'Lean on Pete' leans on violence
By Martha K. Baker
The only reason to see "Lean on Pete" is to watch Charlie Plummer further his career after his fine work in "All the Money in the World." Otherwise, "Lean on Pete" offers very little beyond violence. It's not even a classic animal movie of sentimentality: boy gets horse, horse dies, boy becomes man.
It is not really a spoiler to suggest that the horse named Lean on Pete dies. You sorta know that, going in. You also pretty much know that the end is going to be as happy as it can be under the circumstances.
The circumstances are bleak. Fifteen-year-old Charley Thompson lives with his feckless father, a womanizer whose wife left a long time ago. The old man gets by doing odd jobs, but not enough to keep the two of them in burgers and beer. They move a lot and currently reside in California. Charley remembers playing freshman football in Spokane as he runs down the road. He discovers a race track nearby.

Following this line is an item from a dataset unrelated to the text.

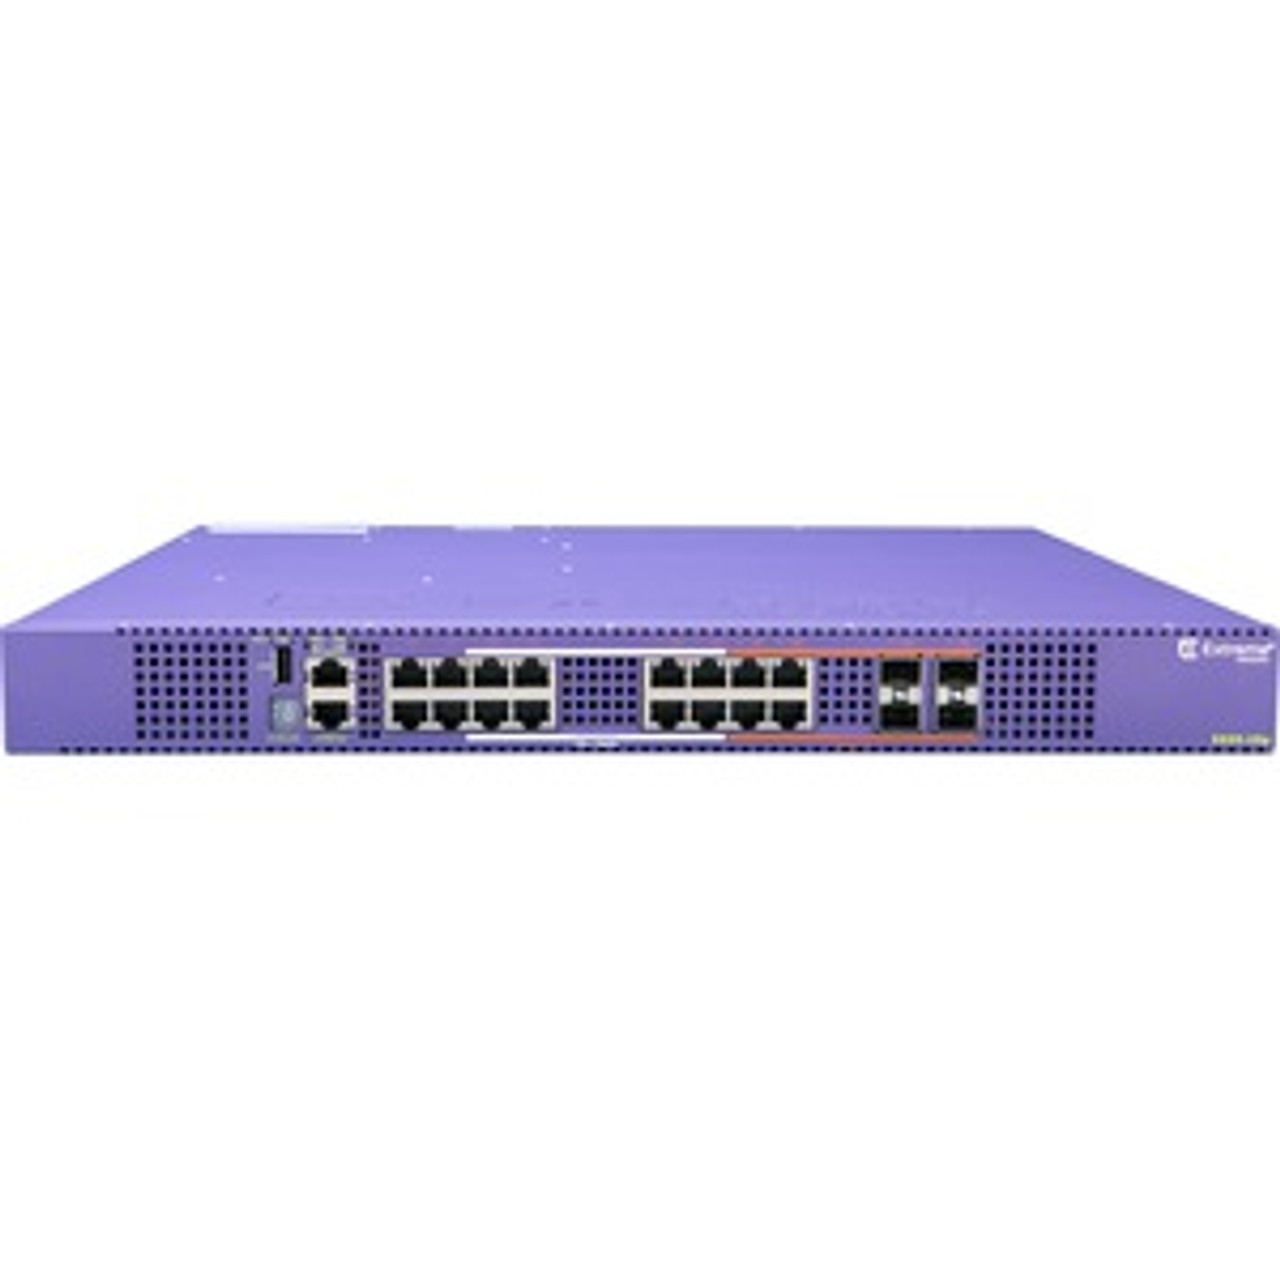 17403 Extreme Networks X620-16p Ethernet Switch - 16 Ports - Manageable - 10 Gigabit Ethernet - 10GBase-T - 3 Layer Supported - Modular - Power Supply -

He takes a job with a man as vulgar as his father. Del pays him to muck out stables and deal with horses, including ole Pete. Charley takes Pete away from this horrid environment in an effort to keep him from the slaughterhouse. At that point, the film becomes more picaresque as Charley trots around the country, looking for his aunt to take him in. Pete becomes for him what the volleyball became for Tom Hanks in "Castaway," just a dialogue partner.
The cast of "Lean on Pete" includes Chloë Sevigny as a jockey, Steve Zahn as a drunk and Steve Buscemi as Pete's owner. Plummer is good as Thompson, but not good enough to hold attention for this too-long film, directed by Andrew Haigh. Haigh, who wrote the script based on a novel by Willy Vlautin, directed the estimable "45 Years," but he is as lost as Charley in the mis-titled, very violent "Lean on Pete."